Book Resource: Imaginative Prayer

I’ve been looking forward to Jared Patrick Boyd’s release of Imaginative Prayer: A Yearlong Guide for your Child’s Spiritual Formation for months now as my older sister (who lives and breathes theological conversation) has been gushing about how the project provides a resource for parents and teachers to connect children’s active imaginations with solid theology and spiritual formation.

It’s no secret that I believe the Holy Spirit works in the lives of childrenimagination is important for children’s faith formation, and children’s formation is vital to congregational health.  It’s also not a secret that I’m generally not a fan of devotional books, much preferring that families struggling to figure out how to worship and learn together start with reading the Bible. 

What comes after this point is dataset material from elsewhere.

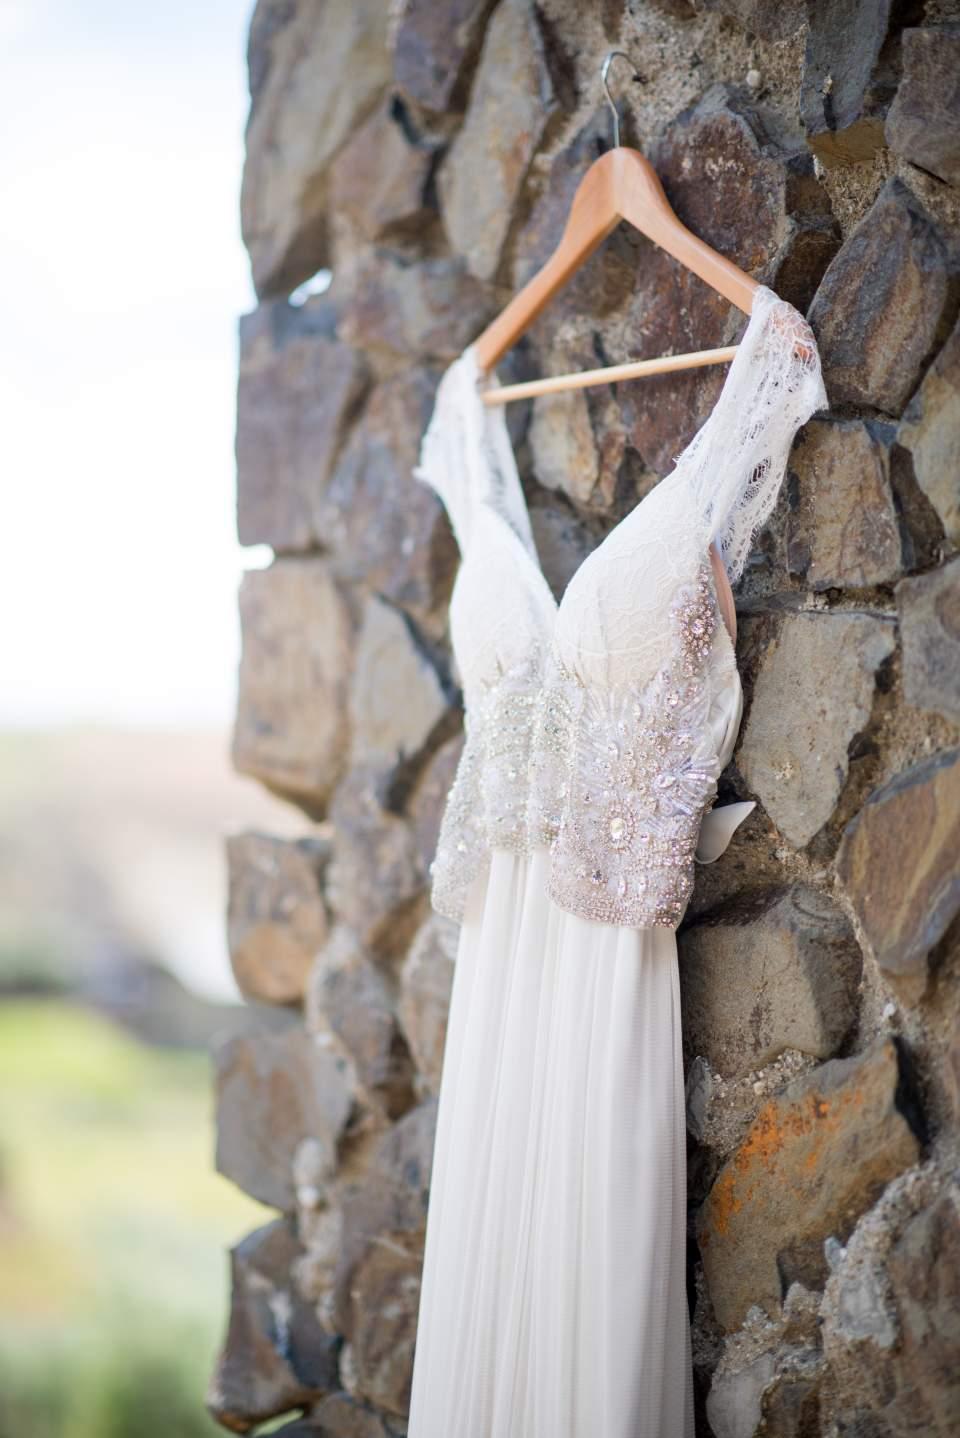 boho wedding dress hanging

Imaginative Prayer is a much-needed exception to that rule- in fact, I think it provides a framework for the whole family to learn how to engage the Scriptures with hearts open to the Holy Spirit’s transformation. I’m quite sure that after a year of practicing imaginative prayer methods, parents and children will have re-learned how to wonder about the text with excited curiosity, seek knowing God and God’s character more fully, and want to pursue knowing God through Scripture more regularly.

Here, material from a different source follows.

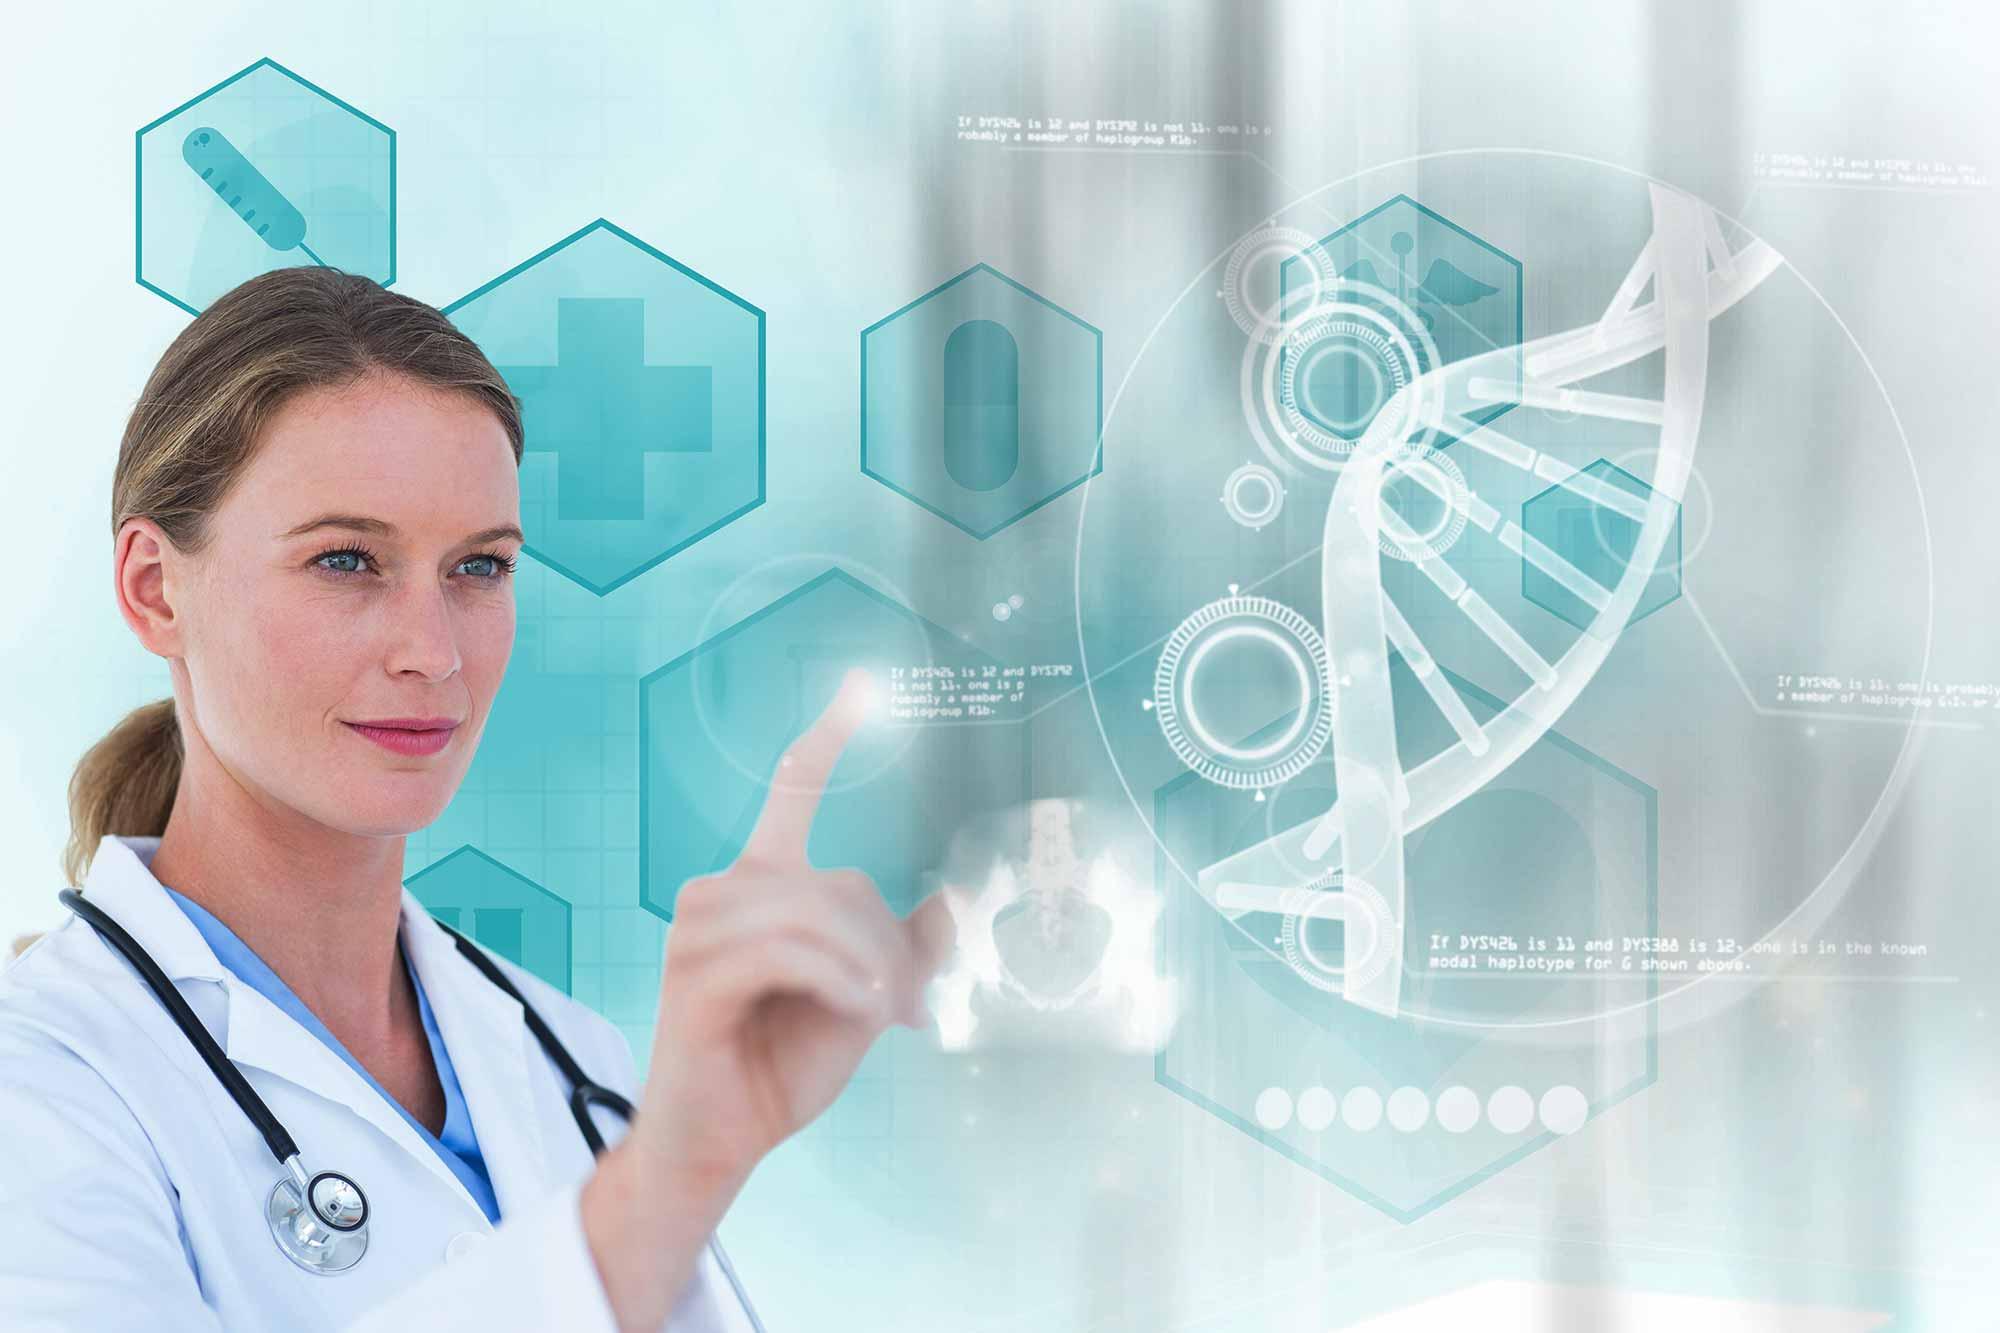 Smarte medizinische Dinge – Implantate und Geräte

Occasionally people tell me that their child can’t possibly keep track of Bible stories or theological concepts… and then a few weeks later this same child proceeds to talk at me for 30-minutes of set-up about their research into black-holes or galaxy formation, Ninja Turtles or Nemo, complex book series’ with sequels and prequels and spin-offs. These many and varied things that capture children’s imaginations prompt their curiosity and self-propelled learning. Shouldn’t we seek ways to connect that imagination-driven curiosity with studying Scripture and seeking to know God?

Imaginative Prayer Book

Imaginative Prayer is organized in 36 lessons that follow six sections of Boyd’s Creedal Poem: God’s Love, Loving Others, Forgiveness, God as King, the Good News of God, and the Mission of Christ. Each lesson will take about 30-minutes and includes imaginative listening, thoughtful guided response, creative engagement ideas for the parent or mentor, and a journaling prompt for the child to write or draw a reflection. You could do it as a family after dinner, one-on-one at bedtime or after a parent-child date once a week, or it could be easily adapted for a mentoring program, Sunday morning or mid-week ministry.

My congregation has been talking consistently over the past year about how our habits and life rhythms inform our longings, and this book helps parents and mentors use Scripture reflection to help guide the formation of longings from childhood. I could not be more thrilled that one book- no supplements or memory cards or plastic figurines or laborious workbooks- is focusing on the Christian formation of children in the context of their family or church communities rather than their acquisition of knowledge, behavior control or entertainment.  And, I’m thrilled that I finally have a book I can hand out to families!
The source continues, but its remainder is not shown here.